▶ **Work to be completed**: Please copy out the full listing that follows exactly; no picture belongs in the copy.
** Opening Data below block **
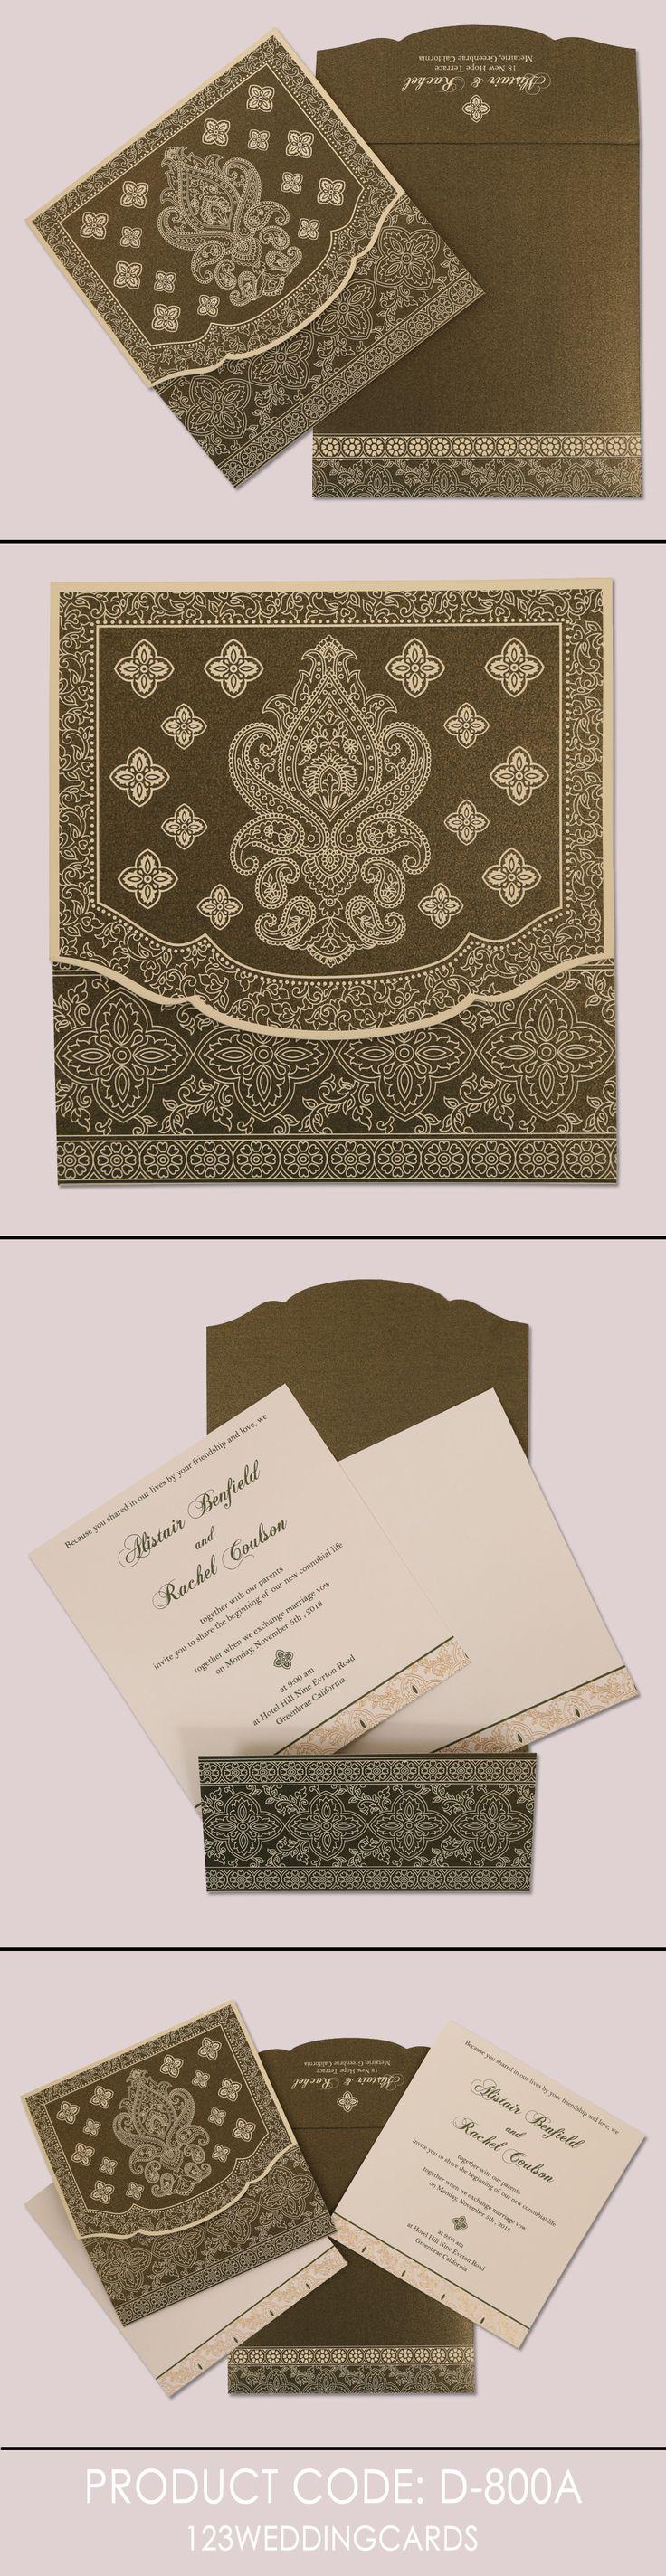 matter for wedding invitation in gujarati%0A Green shimmery screen printed wedding invitation   so   a
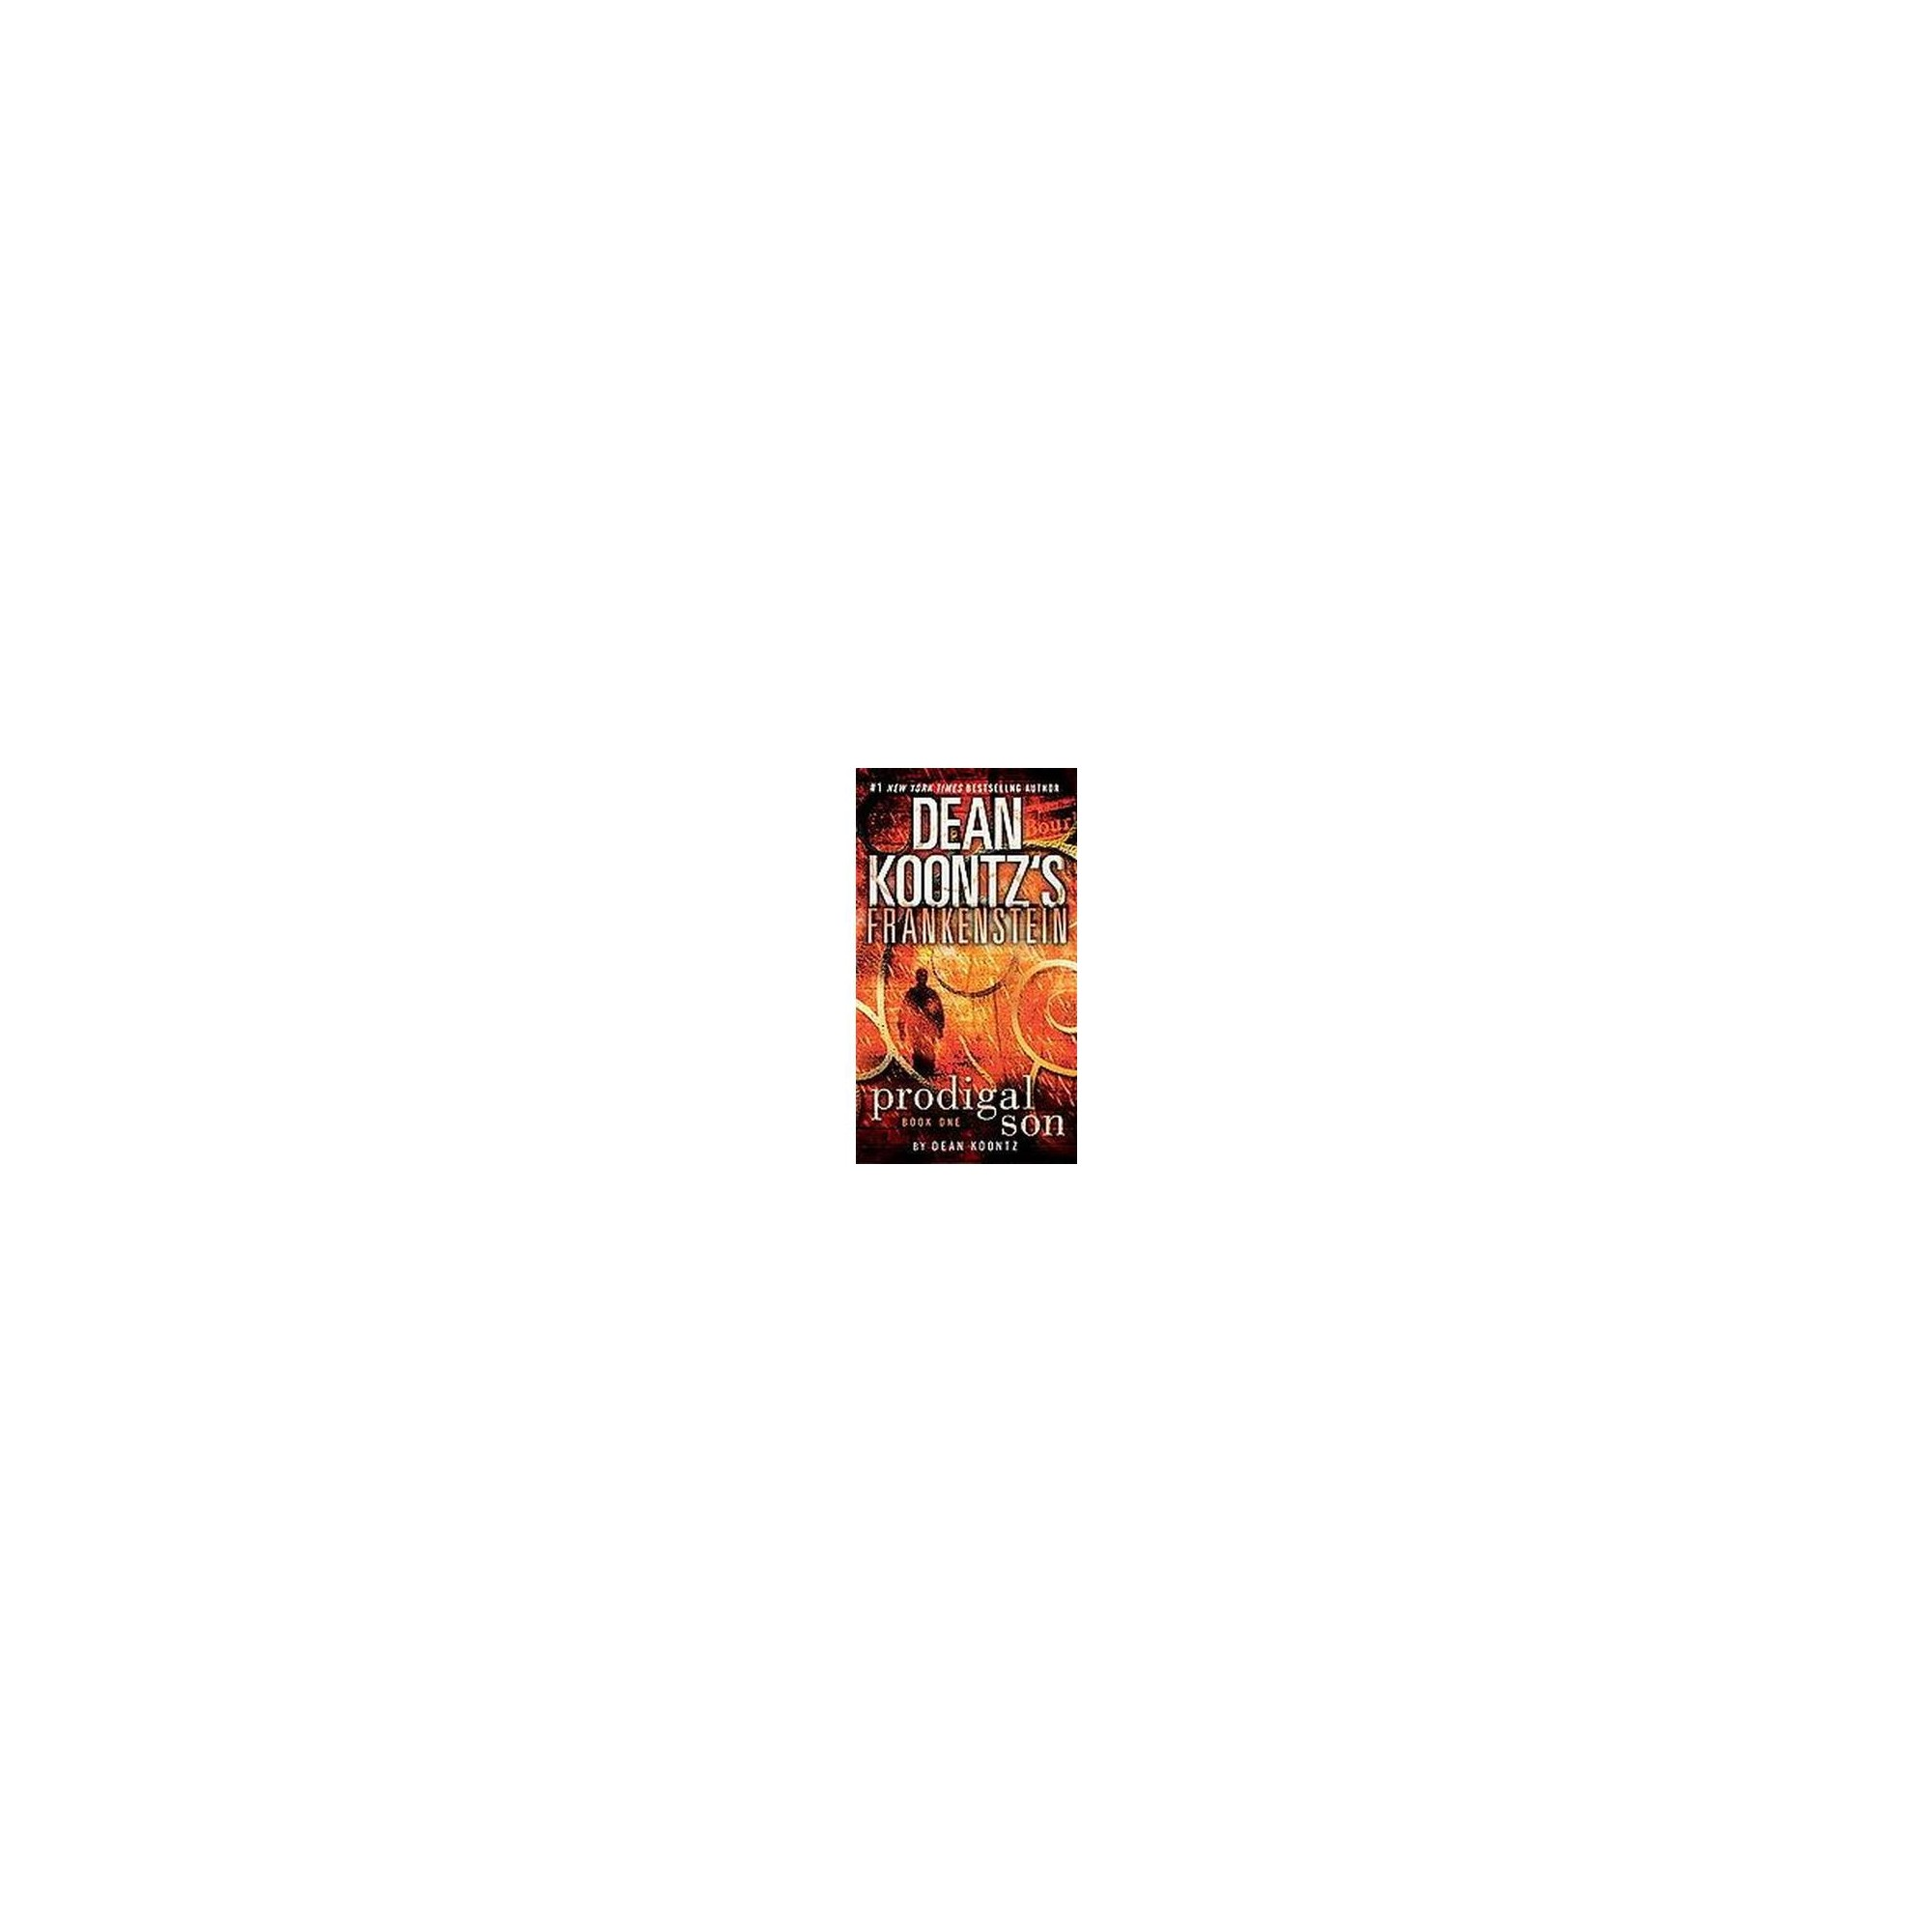 19+ Prodigal son book series info
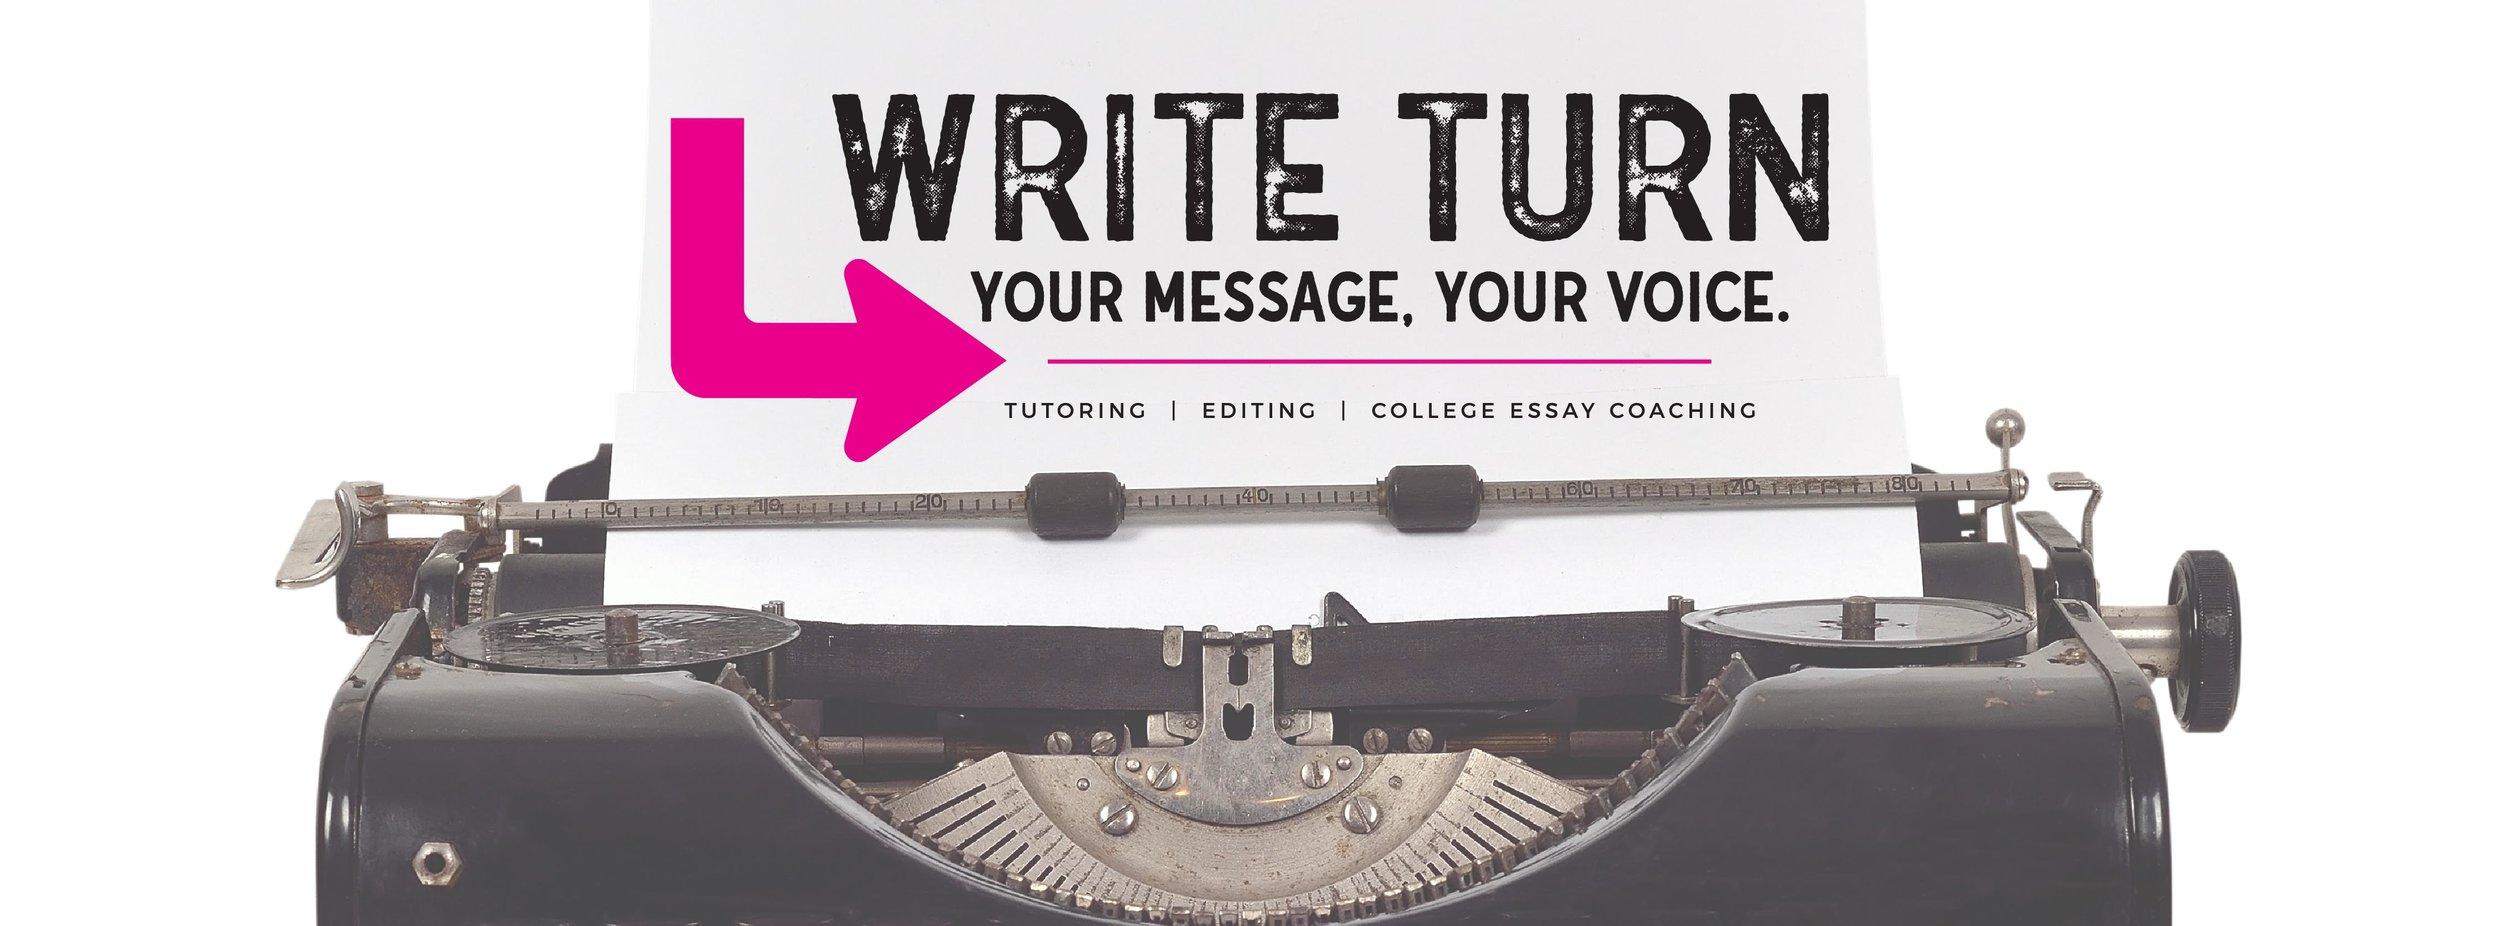 Tutoring and College Essays \u2014 Write Turn
** Closing Data below block **
▶ **Solution to this exercise**:
 matter for wedding invitation in gujarati%0A Green shimmery screen printed wedding invitation   so   a
 19+ Prodigal son book series info
 Tutoring and College Essays \u2014 Write Turn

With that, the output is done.